Das Rechtssystem atmet immer noch den Geist der Kolonialzeit – Sex zwischen Männern, «Sodomie» genannt, ist in Namibia strafbar. Aber es geht voran

Namibia
Friedel Dausab ist Direktor von Out-Right Namibia (Foto: Tobias Sauer)

Namibias LGBTIQ-Community ist guter Stimmung: In der Gesellschaft wie auch politisch scheint sich ihre Lage zu verbessern. Aktivist*innen hoffen, dass endlich die noch aus der Kolonialzeit stammenden Gesetze abgeschafft werden, die Sex zwischen Männern verbieten.

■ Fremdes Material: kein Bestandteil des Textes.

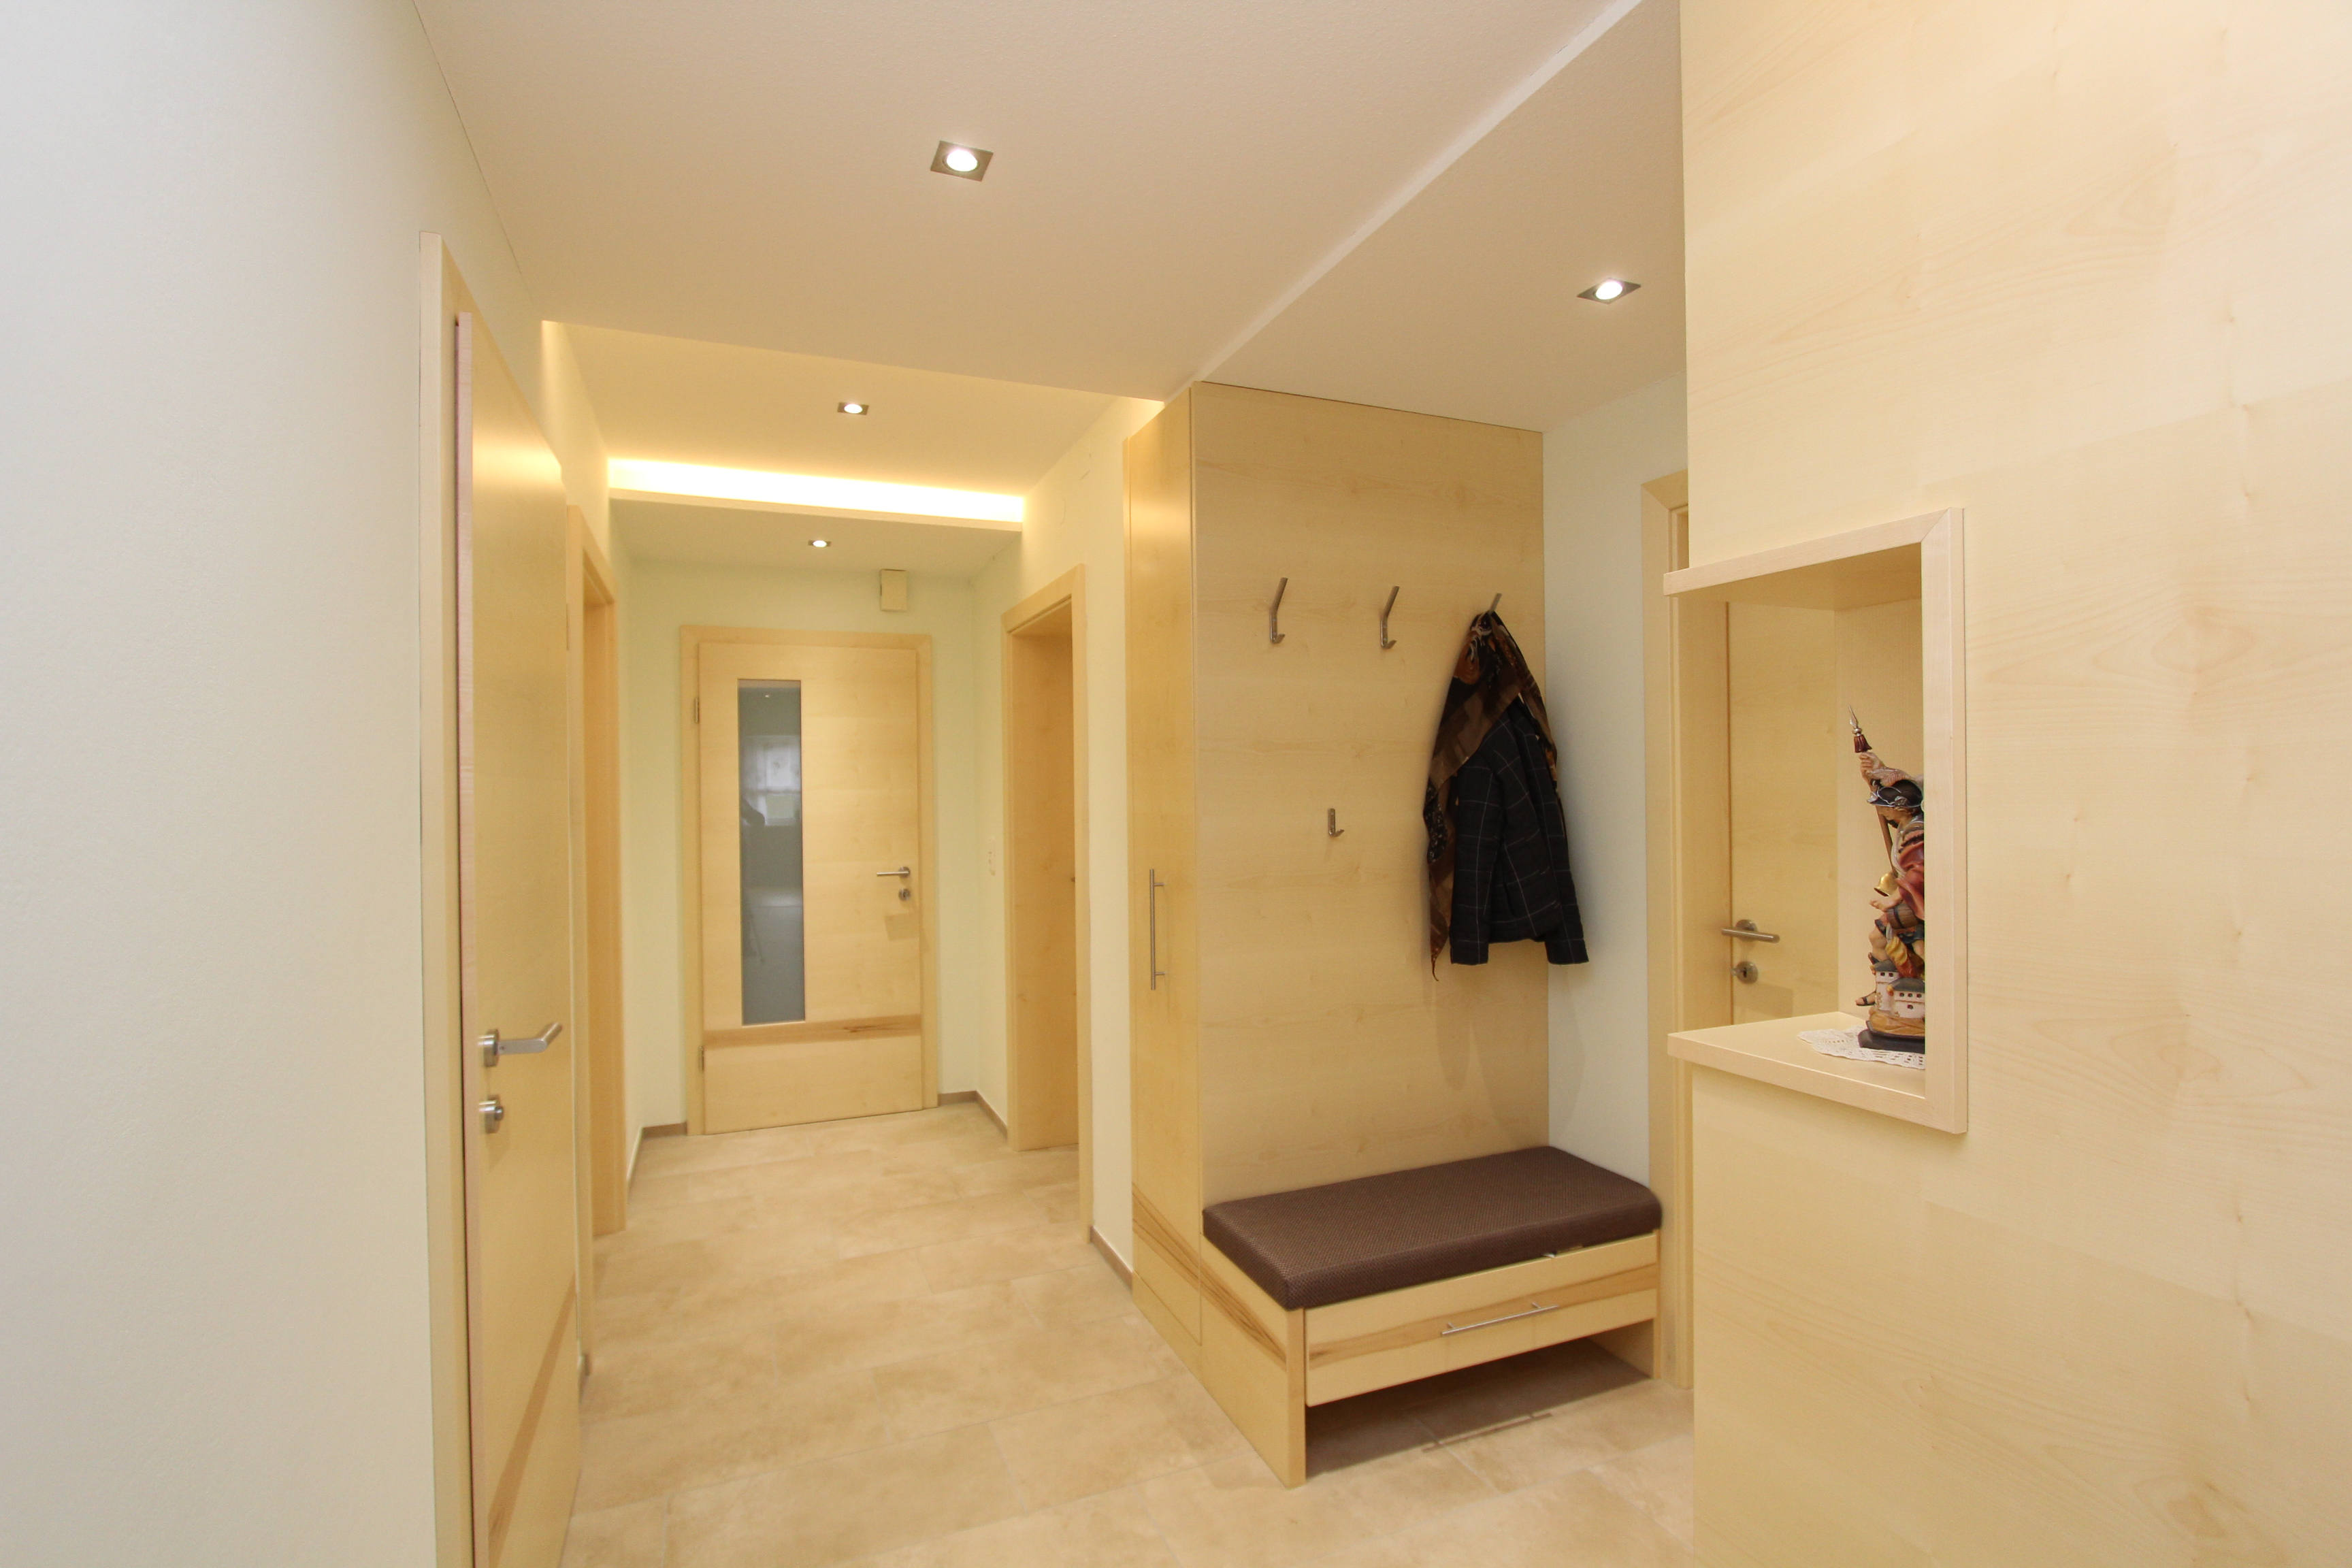 moderner vorraum in ahorn listberger tischlerei. Black Bedroom Furniture Sets. Home Design Ideas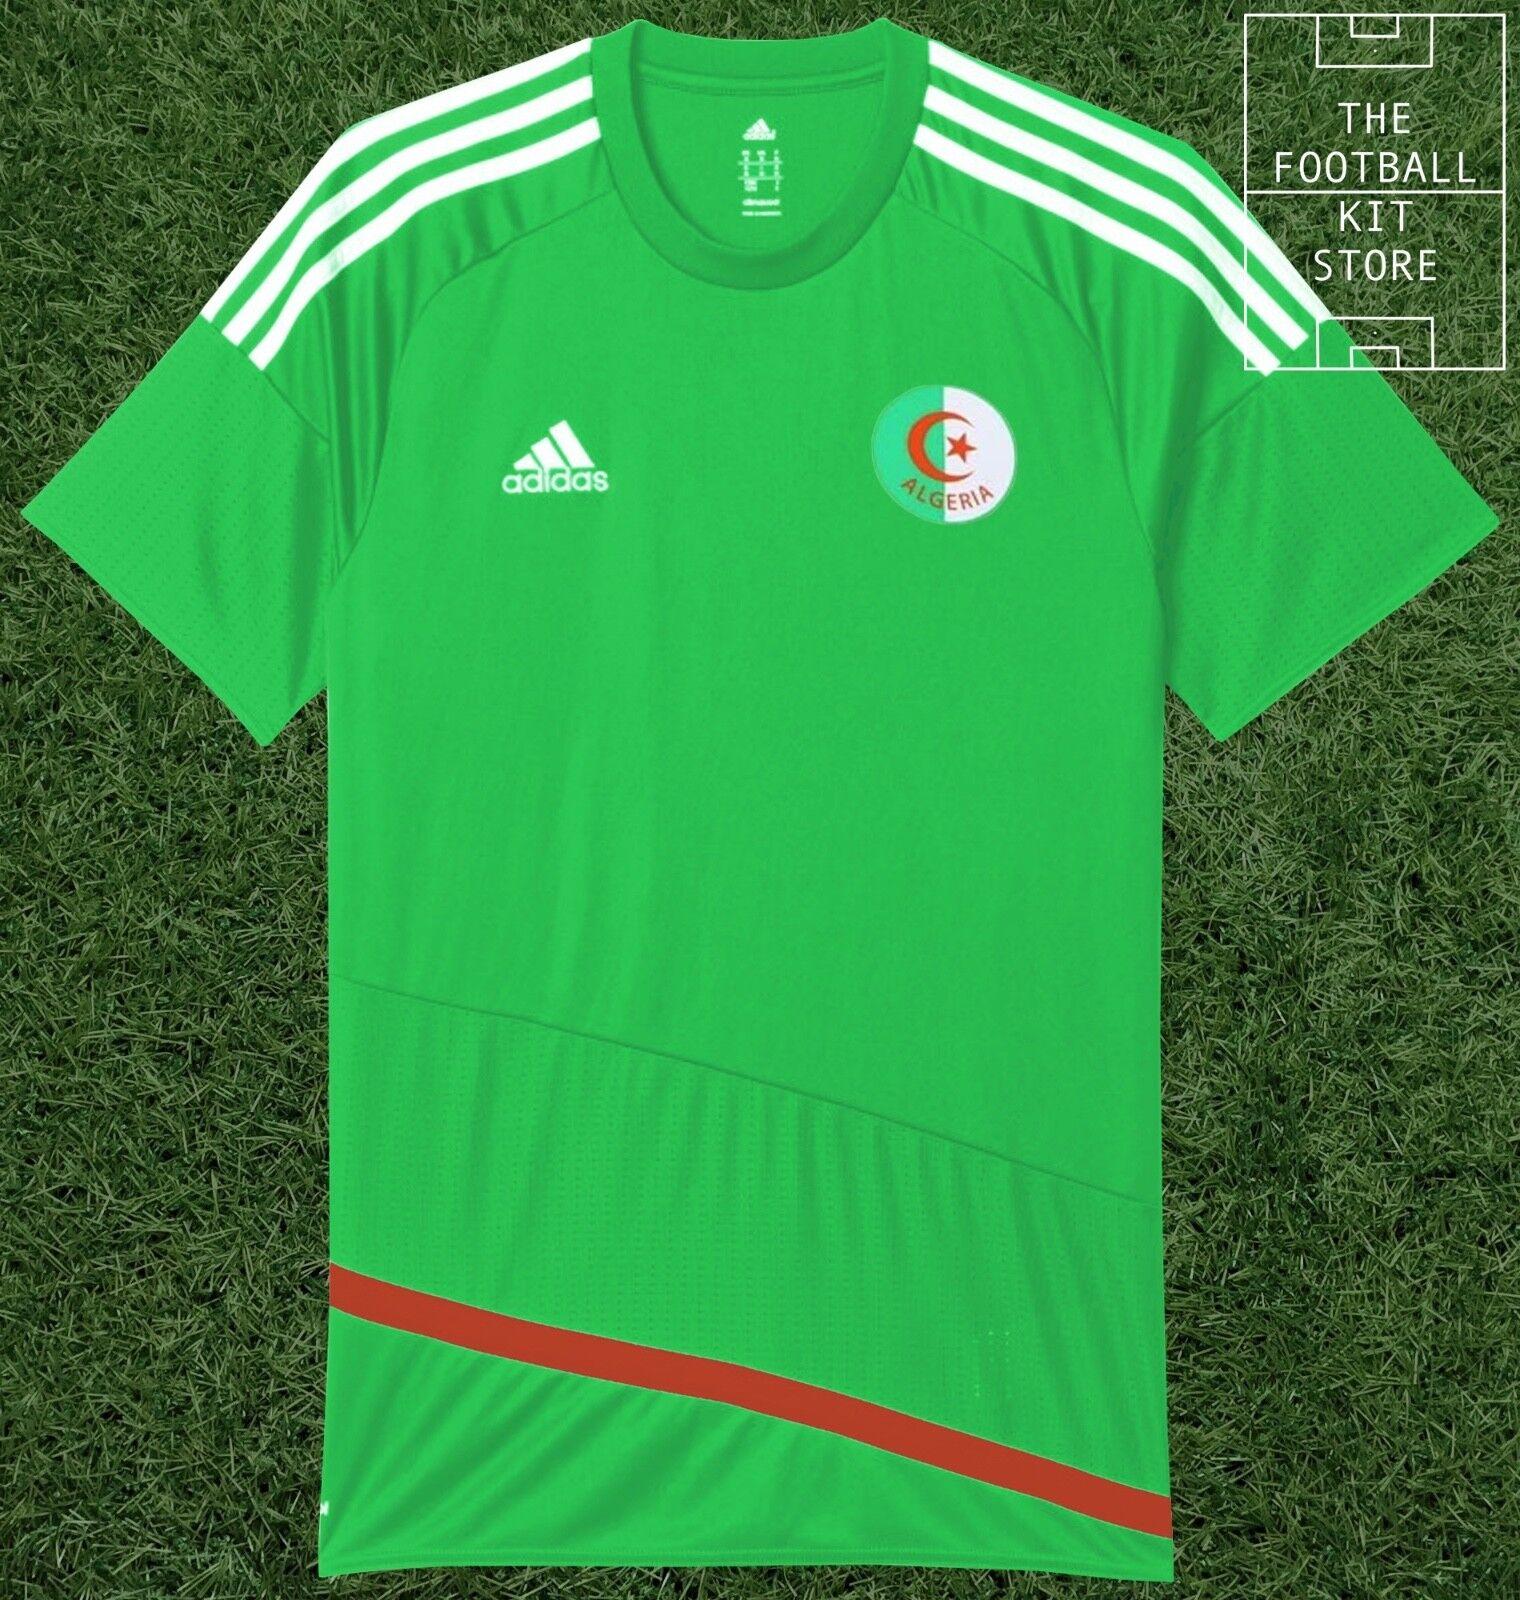 Algeria Away Shirt - Official adidas Football Jersey - Mens - All Sizes

Dicht an dicht stehen die Gäste an diesem Abend im Warehouse, einer angesagten Bar im Zentrum von Windhoek. In der namibischen Hauptstadt ist sie als Hot­spot der LGBTIQ-Community bekannt. Die Stimmung ist fröhlich und gelöst. Beim Karaoke stellen Gäste ihre Lieblingssongs vor, immer wieder unterbrochen von Applaus. Über einem Bier tauscht man den neuesten Klatsch und Tratsch aus. Und an den Wochenenden ist hier noch mehr los: In dem alten Gewerbegebäude steigen dann auch Partys mit angesagten DJs.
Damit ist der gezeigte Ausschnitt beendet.